Feb 05, 2013
I dont knnow why i feel so bad. I dont have any MAJOR problems and i try to create some to suit my emotions. Well at least thats what i think i do.....i hope not though.....i am just guessing....
But anyway, i am sure i have anxiety, but then i just keep thinking what if others think i am fussing over nothing, and think less of me everytime. The last thing i want is for people to have a low opinion of me.
I feel like i have all these problems, which are not like for example, being abused, however i feel like a complete idiot. I do really just want to die.
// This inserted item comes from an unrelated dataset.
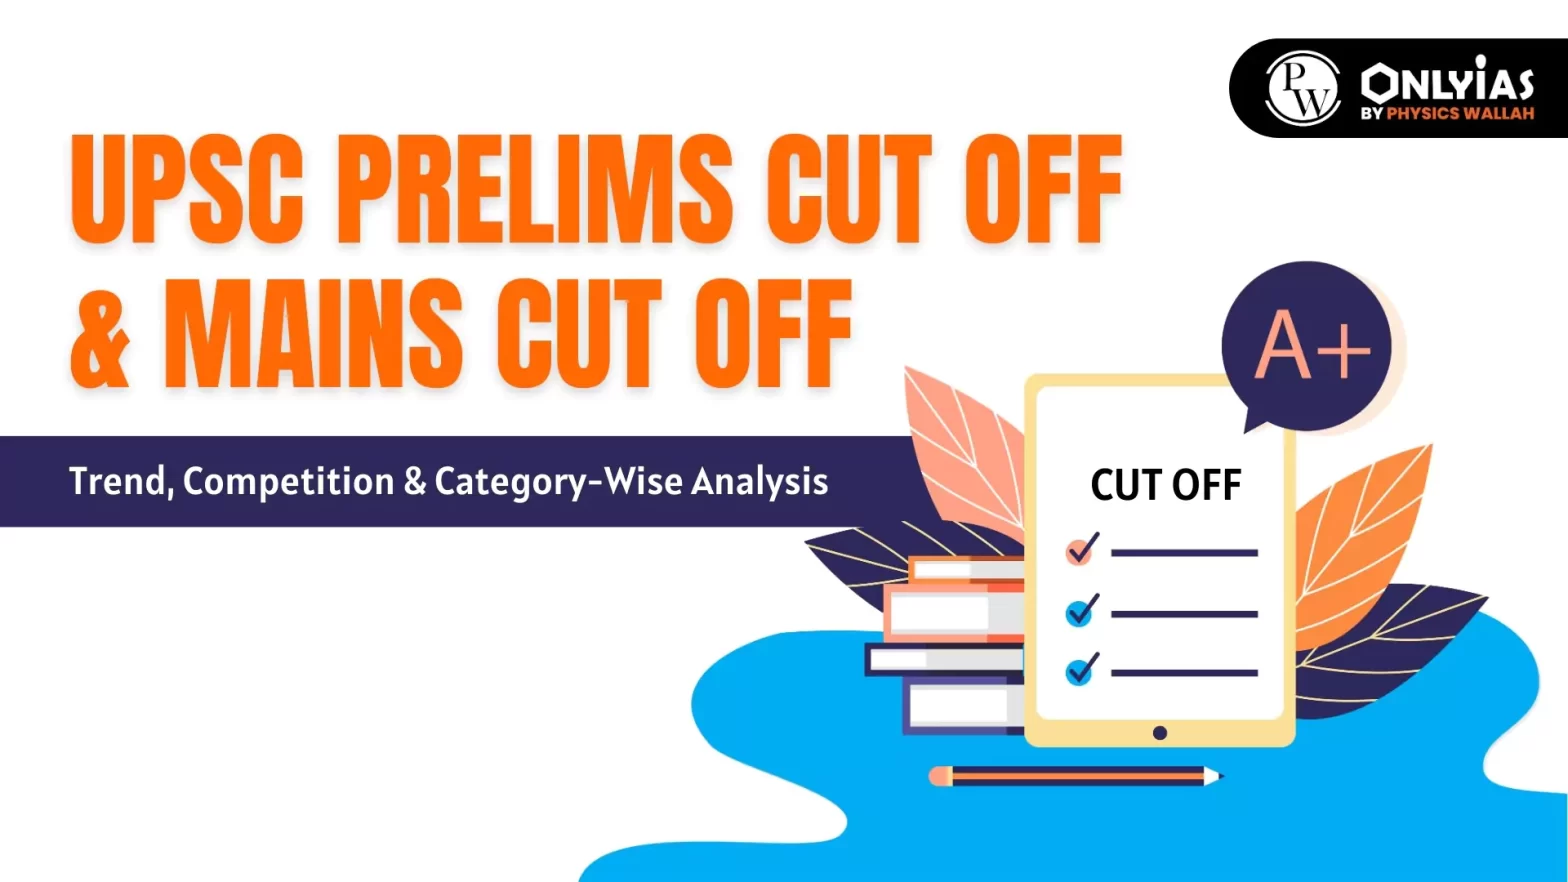 UPSC Prelims Cut Off & Mains Cut off: Trend, Competition & Category-Wise Analysis

I mean whats the point of living a life, where you cannot even decide on why you wake up every morning. When you go to school everyday, and always tell yourself "i know nothing, and i cannot do this work". Why cant i just quit school, then kill myself. This may sound exaggerated to others, but to me all my thoughts and the struggles i have at school, and with no one to talk to at all (family-wise.), having no dad, and with no REAL joy in life, and no REAL aim or direction, what is the real point. I knwo i should be thankful for all i do have and not what i dont, but i just wish i had a direction to head in, something to look forward to everyday. But no, i wake up in the morning feeling okay, then arrive at school and it hits me.
If i have problems like wanting attention from others, then i would like to die, if i could. Honestly i would feel so guilty.....
All this time i have assumed that i had depression, but now i keep on thinking, what if i am making it all up. Why do i feel so bad?? What is wrong with me???